■ DIRECTIONS FOR THIS TASK
In the entries below, find the line with "National Guard NWAC T&F T-shirt-White-YL" and the line with "Panoramic view of". Print those two and everything between them exactly, and nothing else.

■ PROVIDED RECORDS
++++

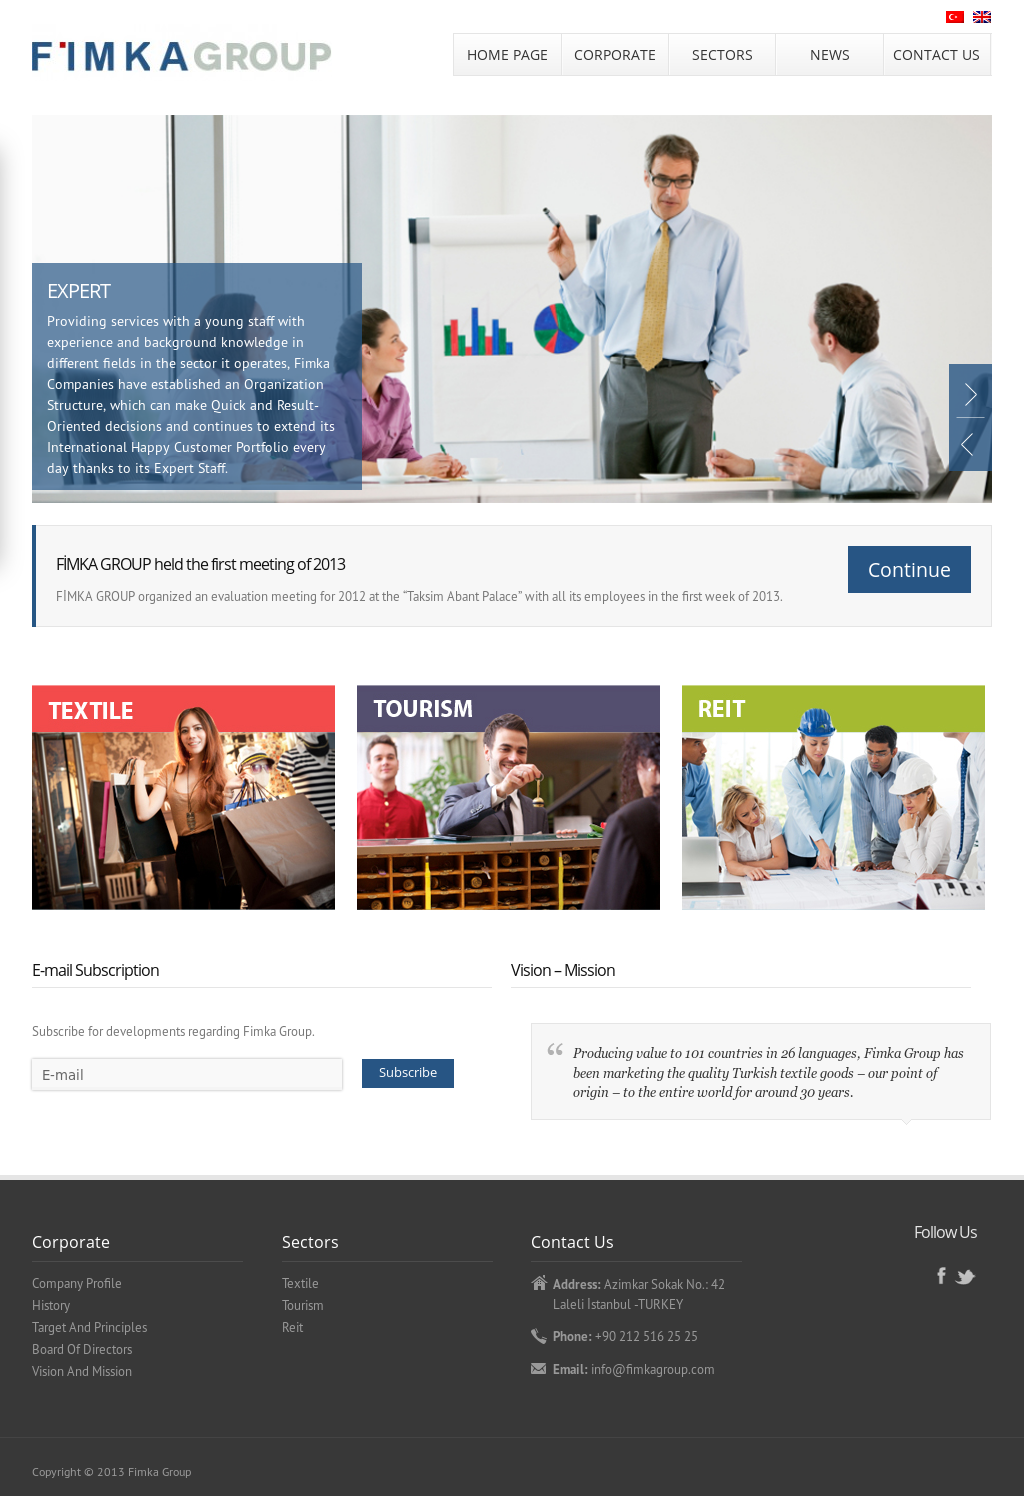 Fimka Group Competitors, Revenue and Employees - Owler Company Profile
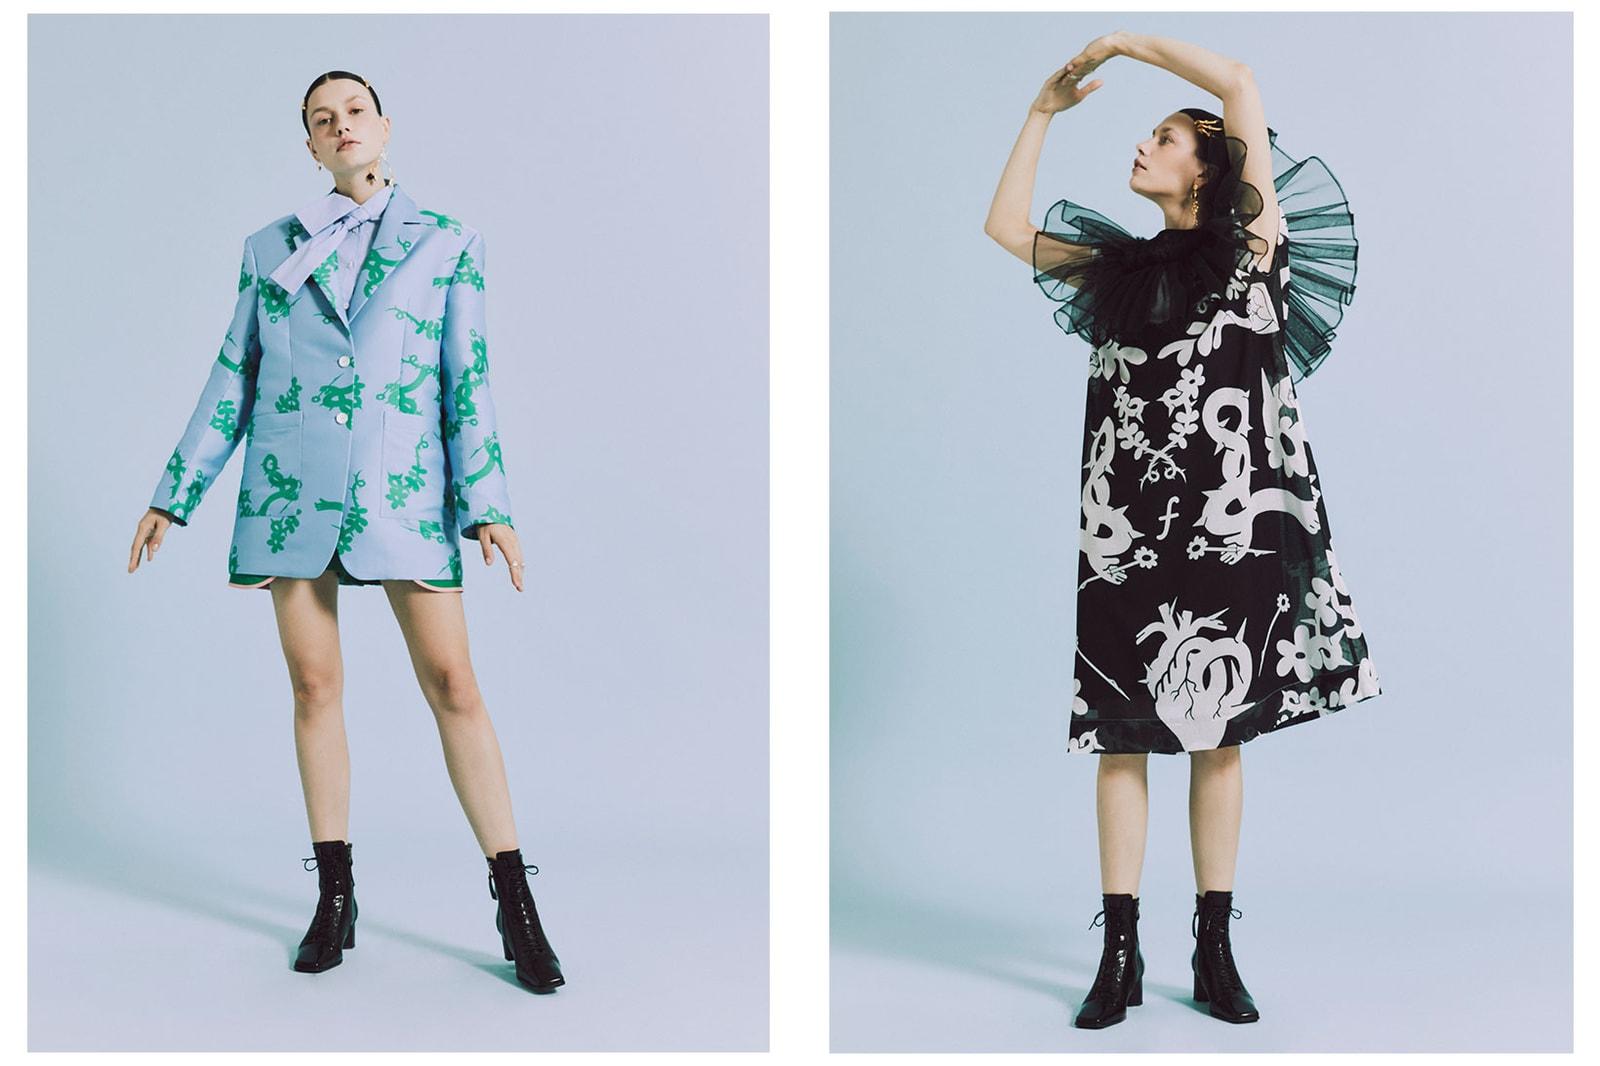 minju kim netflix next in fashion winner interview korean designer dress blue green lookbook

++++

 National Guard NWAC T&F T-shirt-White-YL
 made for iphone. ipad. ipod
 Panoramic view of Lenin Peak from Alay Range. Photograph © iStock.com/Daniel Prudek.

++++

■ COMPLETED TASK
 National Guard NWAC T&F T-shirt-White-YL
 made for iphone. ipad. ipod
 Panoramic view of Lenin Peak from Alay Range. Photograph © iStock.com/Daniel Prudek.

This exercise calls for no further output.